23、第21話:舞の日記《後編》 ...

  •   留美が身体が不自由なために動けないのを手助けするために、俺は朝早くから彼女の部屋にいた。

      まずは着替えから手伝ってやるとするか。

      勝手に女の子の部屋に入るのもどうかと思うが、これは彼女の両親(+お姉さん)から許可は下りている。

      気心しれた幼馴染といえど、ここまで許しちゃっていいんですか。

      俺がそう言うと彼女のお父さんは『未来君にはいろいろと期待してるからな』と答えが。

      あの、完全に違う意味で誤解されてますね。

      それはとりあえずおいといて、俺は留美の着替えを探してるところだ。

      「……これは……まぁ、これにしておくか」

      上着、スカート、下着と選んだ俺は彼女が寝ているという部屋へと入る。

      そこに寝ている留美は見ていると呻き声のように小さく唸っている。

      まだ傷が痛むのだろうか?

      ようやく、目が覚めた彼女が俺と視線を合わせて慌てふためいている。

      「うぅ……み、未来!?」

      「おはよう。勝手にあがらせてもらってるぞ」

      どうやら、完全に俺の役目を忘れているらしい。

      「あのなぁ。動けないお前の世話を頼まれてるんだ、忘れたのか?」

      「そうだったけど。そ、そんな服の世話まで頼んでないもん。って、それ私の下着!!」

      「別に気にすることじゃないだろ。今さら、お前の下着で驚かないよ」

      いや、ホントは素で恥ずかしいのだが、俺も我慢している。

      「もういいからぁ。

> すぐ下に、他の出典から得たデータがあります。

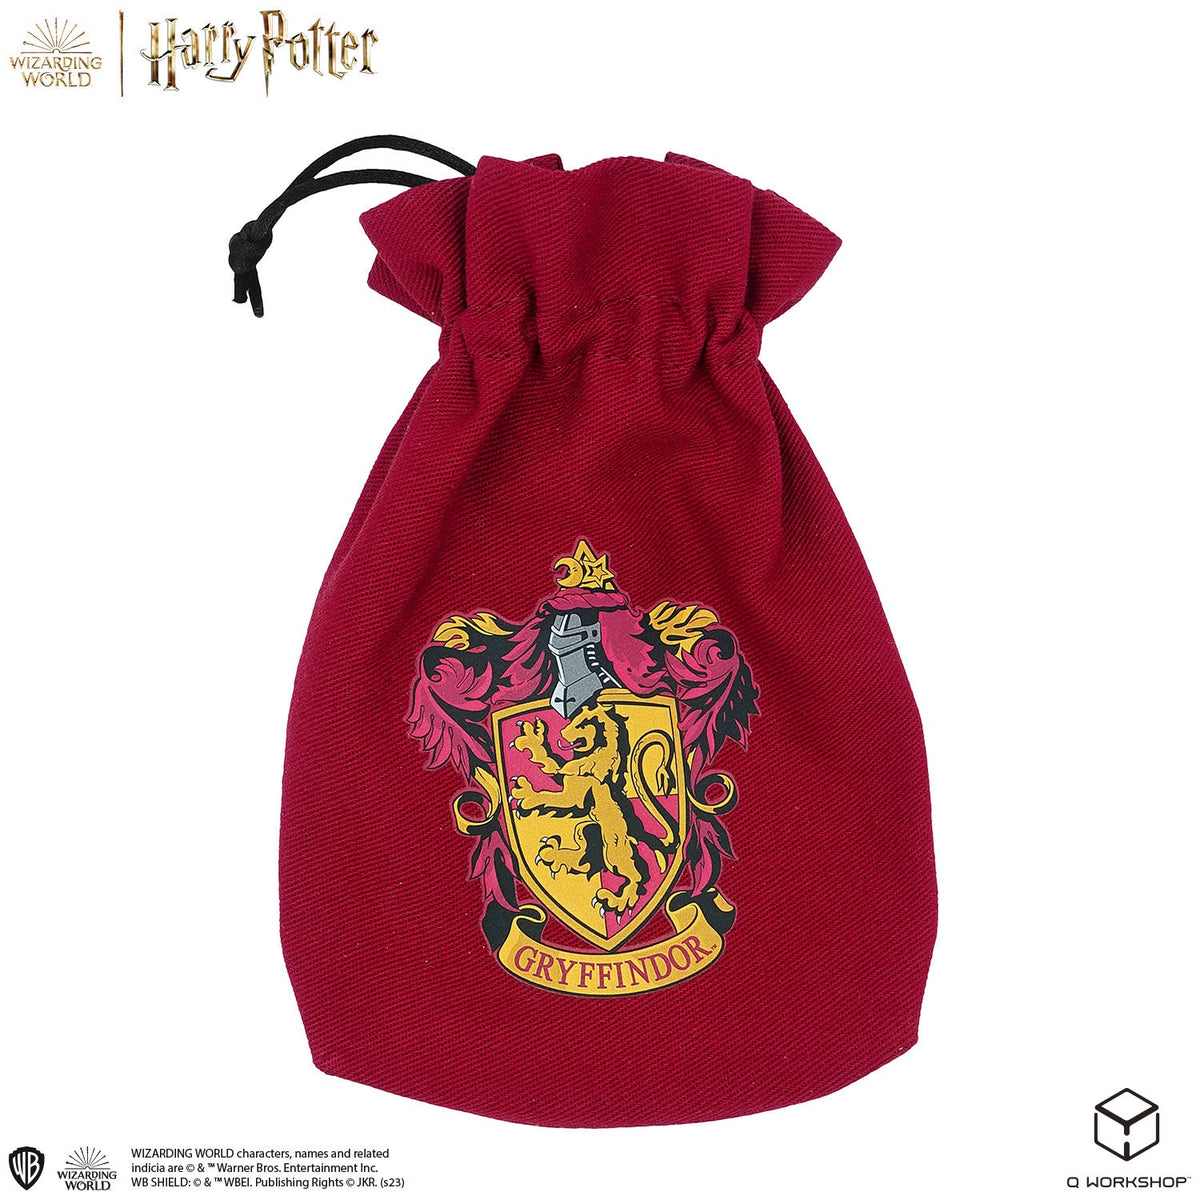 Q Workshop - Harry Potter Gryffindor Dice and Pouch

お願いだから、ちょっと外に出ていて」

      「着替えの手伝いは?」

      「いりません」

      丁寧に断られたので、俺は仕方なく外に出て行こうとした。

      その時、1冊の日記帳に目が行く。

      「これ、留美の日記か?こういうのつけてんだ?」

      意外に乙女チックなところがあるな、と思いそのノートを手に取る。

      もちろん、人の日記を見るほどデリカシーのないヤツではないが。

      「それは私の日記じゃない。舞の日記よ」

      だが、留美の言葉は俺の予想していた全てを否定する。

      舞の日記……その一言が俺を黒く染めていく。

      「どうしてお前がこれをもっているんだ?」

      俺は言葉にならない声で言う。

      「空さんから預かっていたの。未来に渡してあげてって」

      俺はとりあえず留美の着替えを待ってから、ちゃんとした話をすることにした。

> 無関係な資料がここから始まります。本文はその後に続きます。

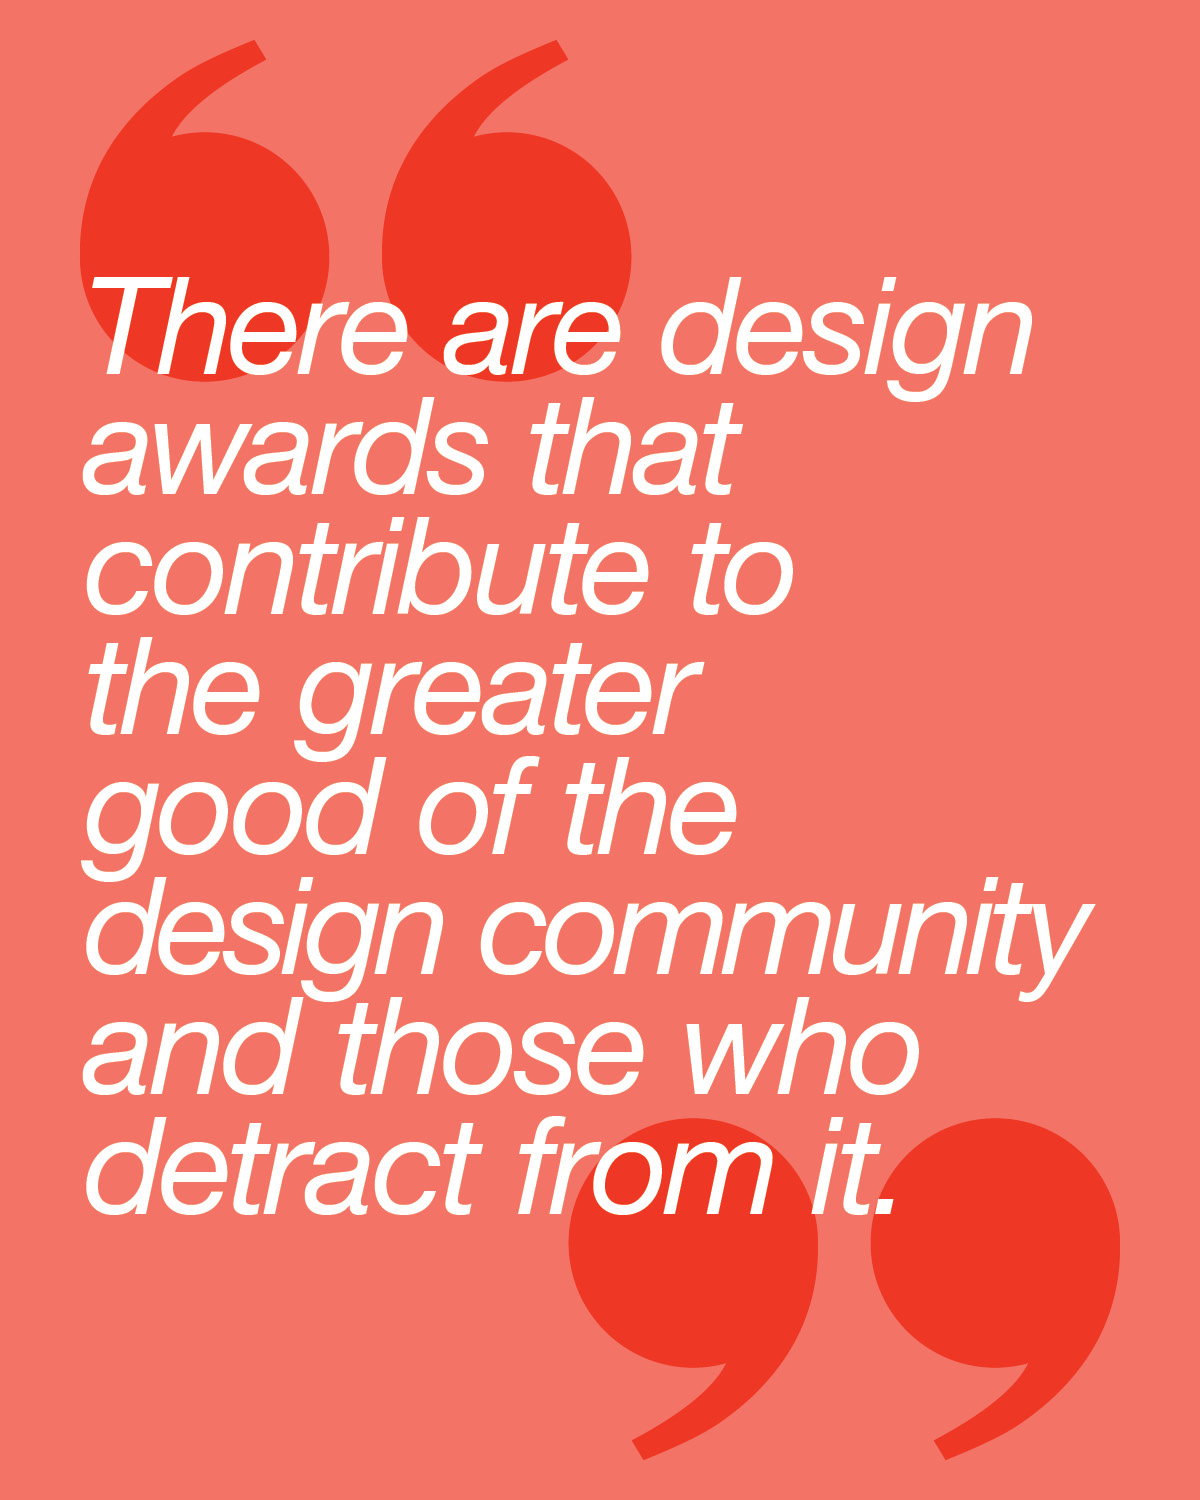 the complicated ethics of design awards

      だが、俺の心臓はバクバクと音をたてるように動悸が激しい。

      舞の書いていた日記、舞の残した言葉に興味がある。

      舞の全てが……そこに記されているんだ。

      「もういいよ」

      ドアの外から彼女の言葉を聞いて俺は部屋に入る。

      私服姿になっていた彼女はベッドに座りながら包帯を取り替えている。

      俺も本来の目的であるためにその手伝いをする。

      洗顔や食事、一通りの事を済ませたあとに俺達は再び部屋で舞の日記を見ていた。

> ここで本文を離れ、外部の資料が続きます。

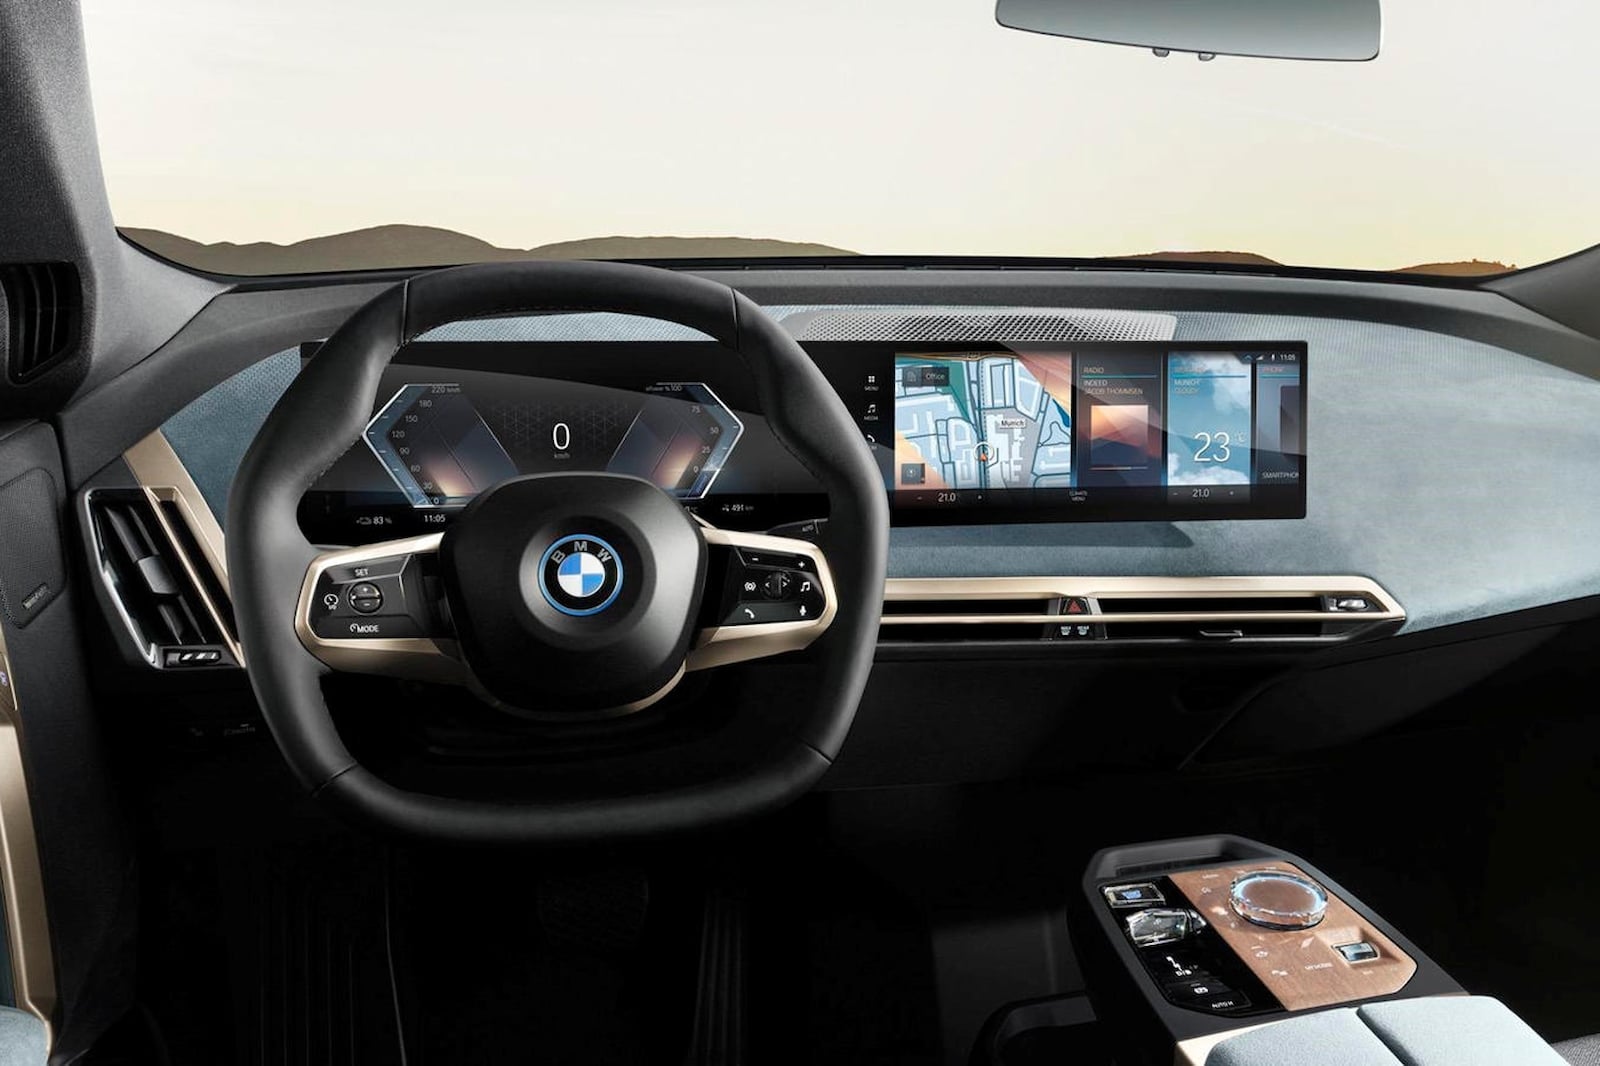 7 Best Current Infotainment Systems Ranked

      「これが舞の日記か。日記つけていたのを知っていたのか?」

      「ううん。こういうのって個人的なものだから誰かに見せるものじゃないでしょ」

      誰も自分の日記を見せたがりはしない。

      いや、最近はブログとか流行っているからそうとも言えないか?

      それはともかくとして、舞がどんなことを書いているのか俺は知りたい。

      「留美は中身を見たんだな」

      「ええ」

      短くそういうだけで、特に何も言わない彼女。

      留美にとっては舞の日記は意味がないのか?

      俺は椅子に座り、その日記を読み始めた。

      「……偽りの恋?」

      最初にそう書かれているのに驚きながら、俺は次の文章を読み始めた。

      俺は初めて舞が俺を好きになった理由を知る。

      舞ははじめから俺のことが好きだったわけではなかったらしい。

      俺の場合は幼い頃からの一目惚れだったけどな。

      その日記には俺と舞との5年間の出来事が書き綴られていた。

      あの日、あの時、俺達が何をして、何を感じていたか。

      舞の気持ちが溢れるこの日記の中身を読み進めるたびに、俺の頭に彼女の声が響く。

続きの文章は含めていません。